Ex = data_loader.get_field("E", "x", time=65 * sc.Unit("fs"), relay=True)
# This time we will select a range rather than a slice.
# For a range there is no need for an exact match.
# But, we could also select a slice just like in the previous example.
Ex = Ex["x", -2e-6 * sc.Unit("m") : 2e-6 * sc.Unit("m")]
# Only now the smaller subset wil be loaded into memory
Ex = Ex.load_data()
print(Ex)Series does not contain iteration at the exact time. Using closest iteration instead.
<scipp.DataArray>
Dimensions: Sizes[x:5, y:26, z:201, ]
Coordinates:
* t float64 [s] () 6.56942e-14
* x float64 [m] (x) [-1.6e-06, -8e-07, ..., 8e-07, 1.6e-06]
* y float64 [m] (y) [-1e-05, -9.2e-06, ..., 9.2e-06, 1e-05]
* z float64 [m] (z) [4.7e-06, 4.8e-06, ..., 2.46e-05, 2.47e-05]
Data:
float64 [V/m] (x, y, z) [-3.65733e+08, -5.01237e+08, ..., 0, 0]
It is also possible to combine arrays from different iterations into one using scipp's concat function. Here is an example for creating a 4D array from all iterations:
Ex = sc.concat(
[
data_loader.get_field("E", "x", iteration=iteration.value, time_tolerance=None)
for iteration in data_loader.iterations["iteration_id"]
],
dim="t",
)
print(Ex)<scipp.DataArray>
Dimensions: Sizes[t:5, x:26, y:26, z:201, ]
Coordinates:
* t float64 [s] (t) [3.28471e-14, 6.56942e-14, ..., 1.31388e-13, 1.64236e-13]
* x float64 [m] (x) [-9.6e-06, -8.8e-06, ..., 9.6e-06, 1.04e-05]
* y float64 [m] (y) [-1e-05, -9.2e-06, ..., 9.2e-06, 1e-05]
* z float64 [m] (t, z) [-5.2e-06, -5.1e-06, ..., 5.41e-05, 5.42e-05]
Data:
float64 [V/m] (t, x, y, z) [-1.08549e+07, -1.3967e+07, ..., 0, 0]
The reason for the z coordinate having two dimensions (t,z) is the fact that the data comes from a moving window simulation. This is clearly visible in the plot below.

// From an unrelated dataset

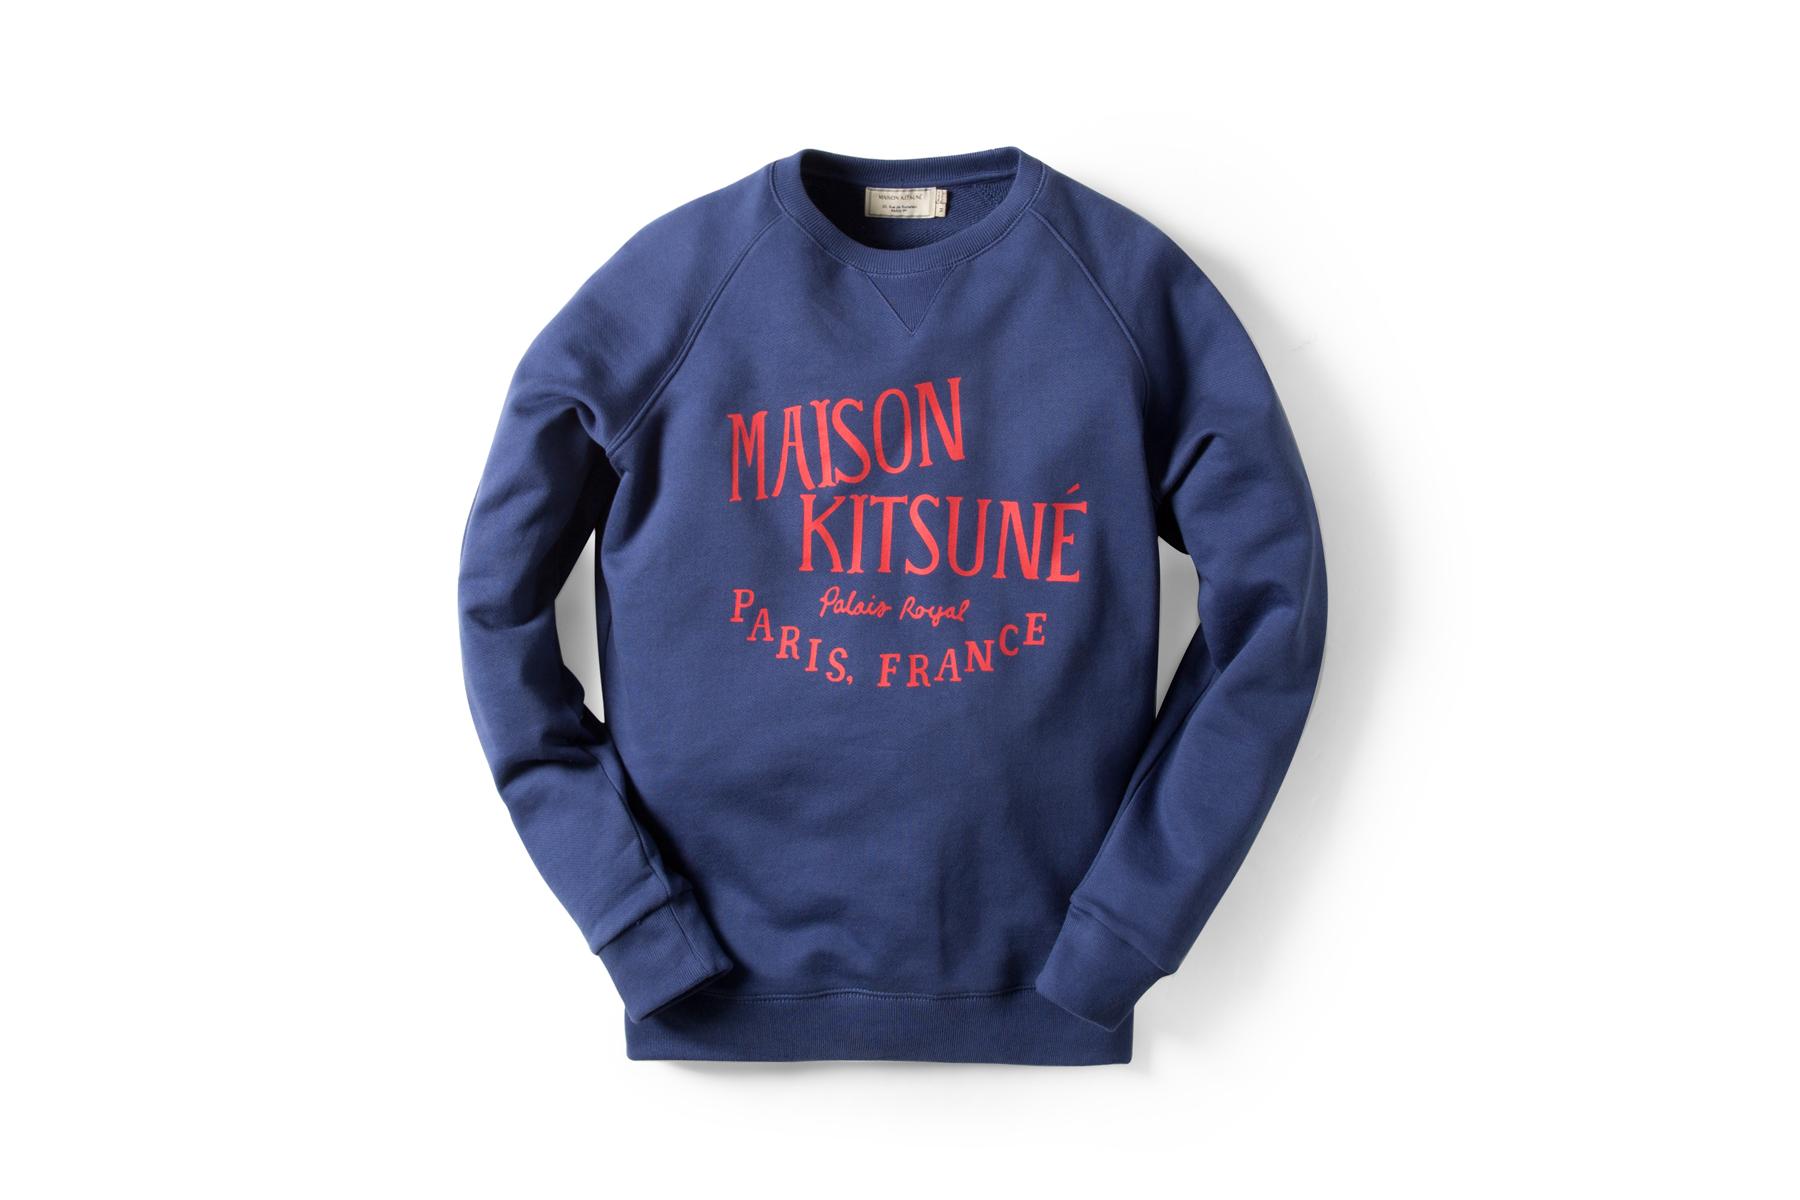 Reebok x Maison Kitsune Capsule Menswear Collection

# Let us just slice at some points to get a 2D dataset
Ex = Ex["x", 10]["y", 10]
print(Ex)<scipp.DataArray>
Dimensions: Sizes[t:5, z:201, ]
Coordinates:
* t float64 [s] (t) [3.28471e-14, 6.56942e-14, ..., 1.31388e-13, 1.64236e-13]
x float64 [m] () -1.6e-06
y float64 [m] () -2e-06
* z float64 [m] (t, z) [-5.2e-06, -5.1e-06, ..., 5.41e-05, 5.42e-05]
Data:
float64 [V/m] (t, z) [-8.41738e+08, -7.8752e+08, ..., 0, 0]
Ex.plot()Coming soon!
README file is generated from the README.ipynb.

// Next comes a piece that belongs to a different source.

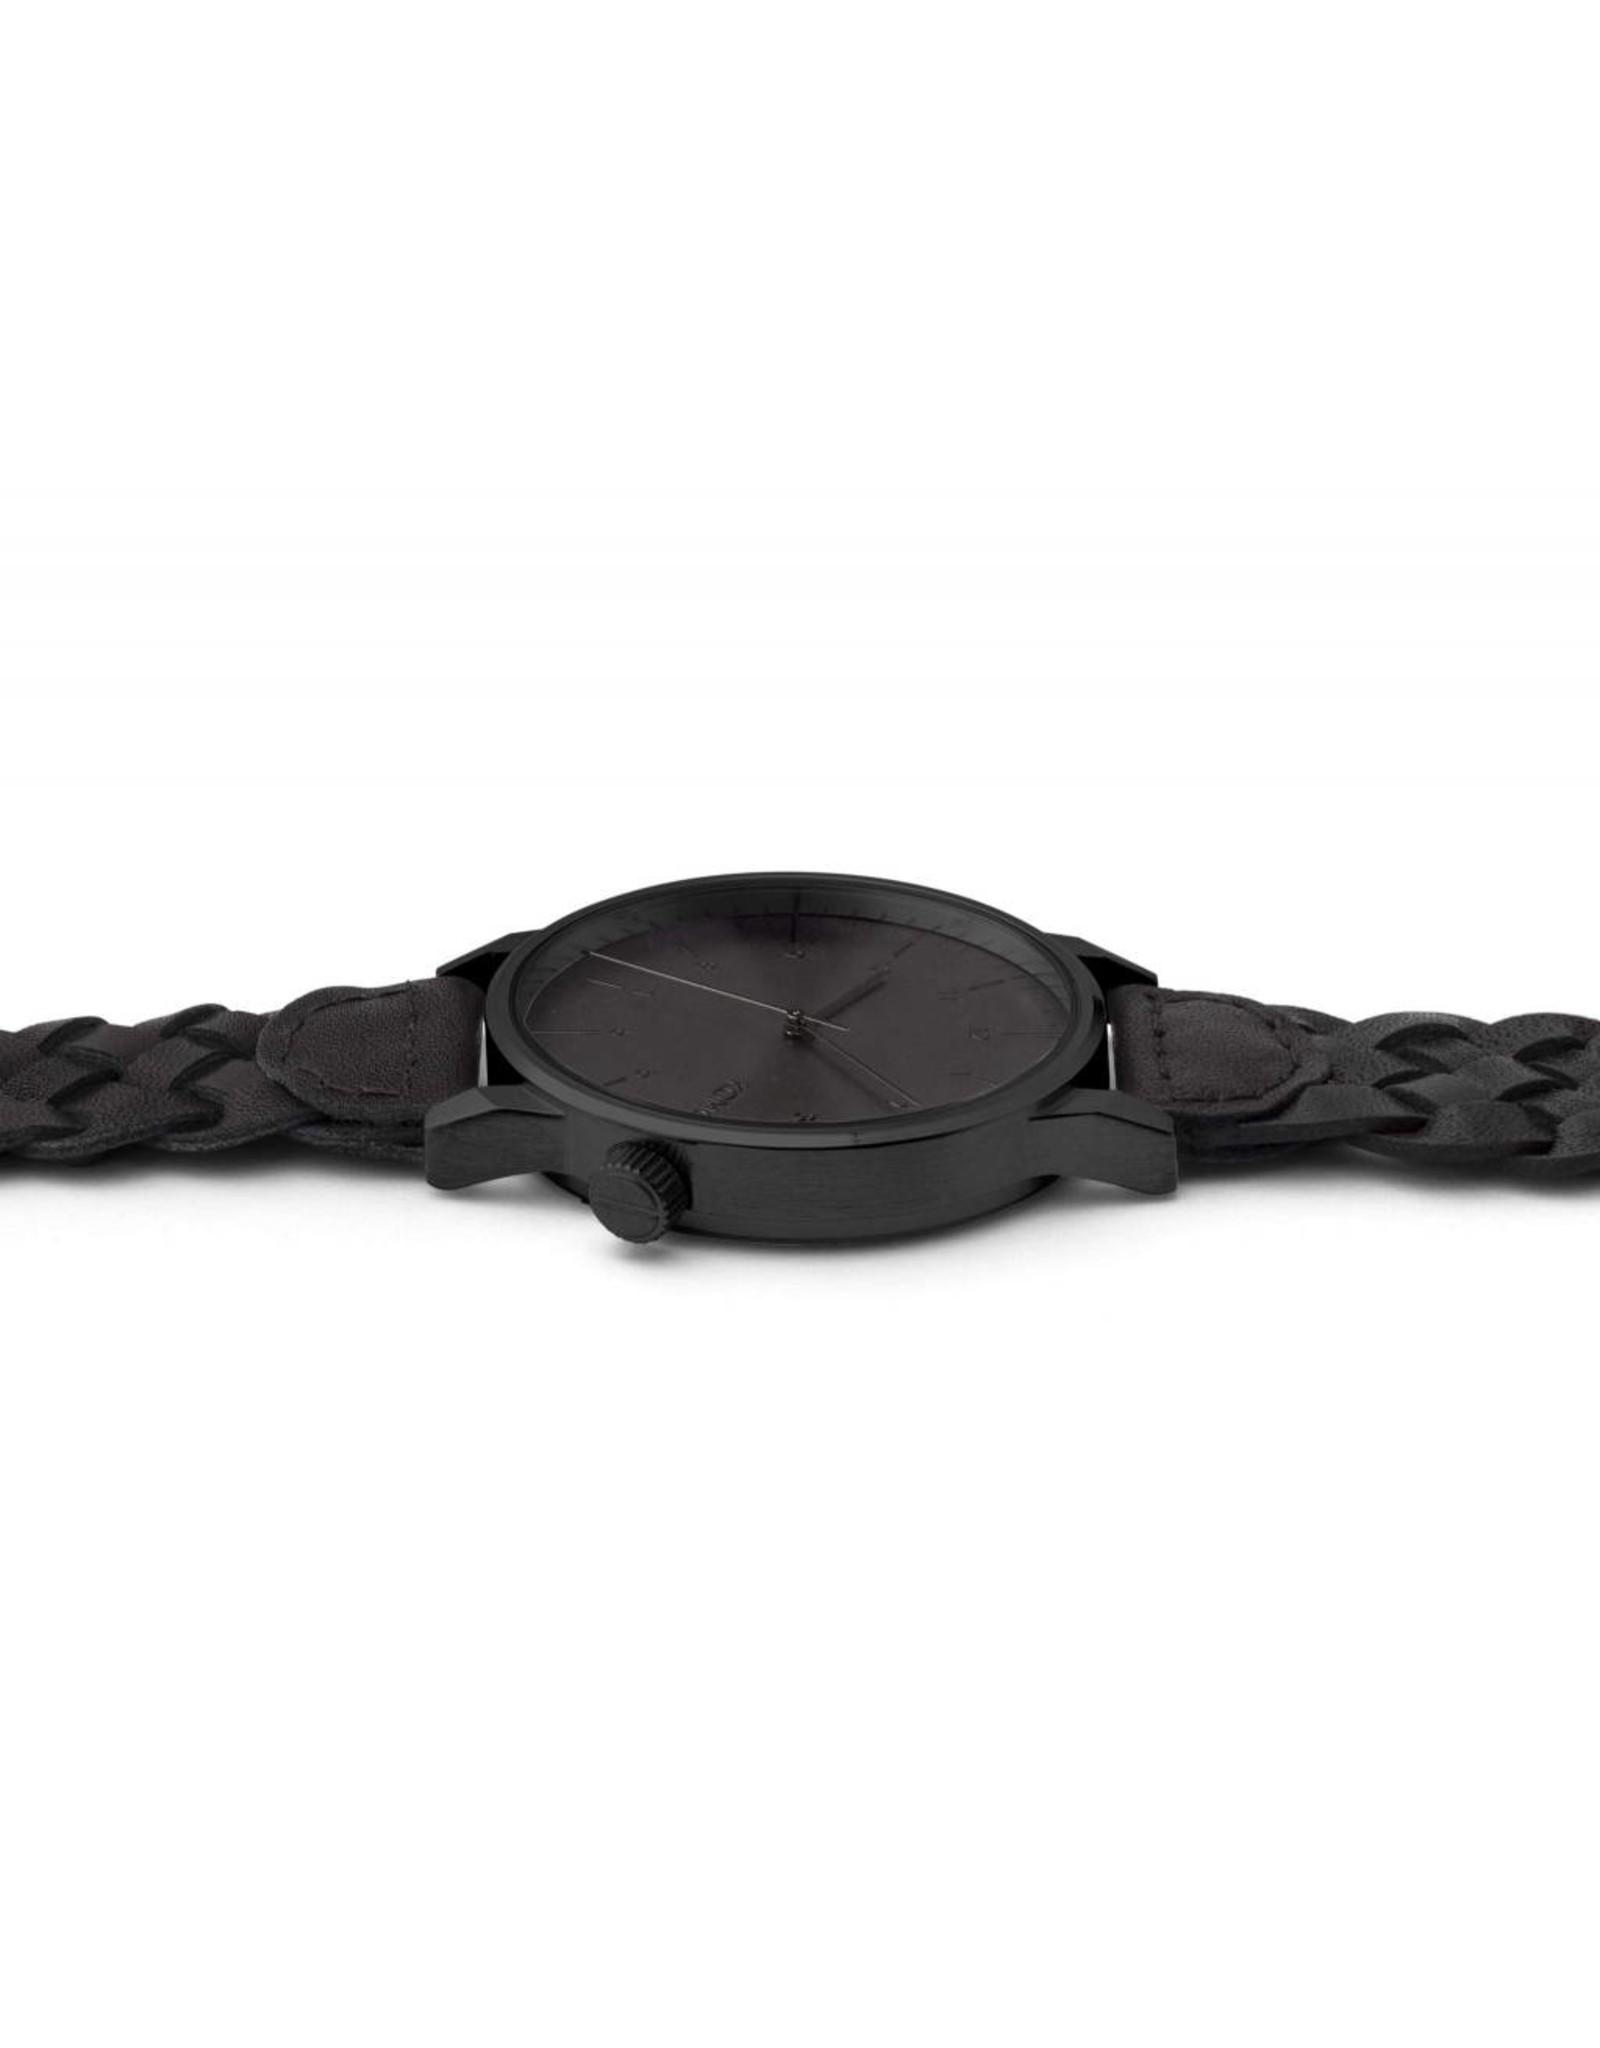 Komono Komono Winston Woven-All Black

# Download and extract example datasets if not present
# Will download data into `.data`
make data
make docs
At the moment we only test we have is an integration test running this notebook. After downloading example datasets with make data, if needed, run:
make test
You can also run tests with different python version with tox, but you need to have the python version installed, for example with pyenv.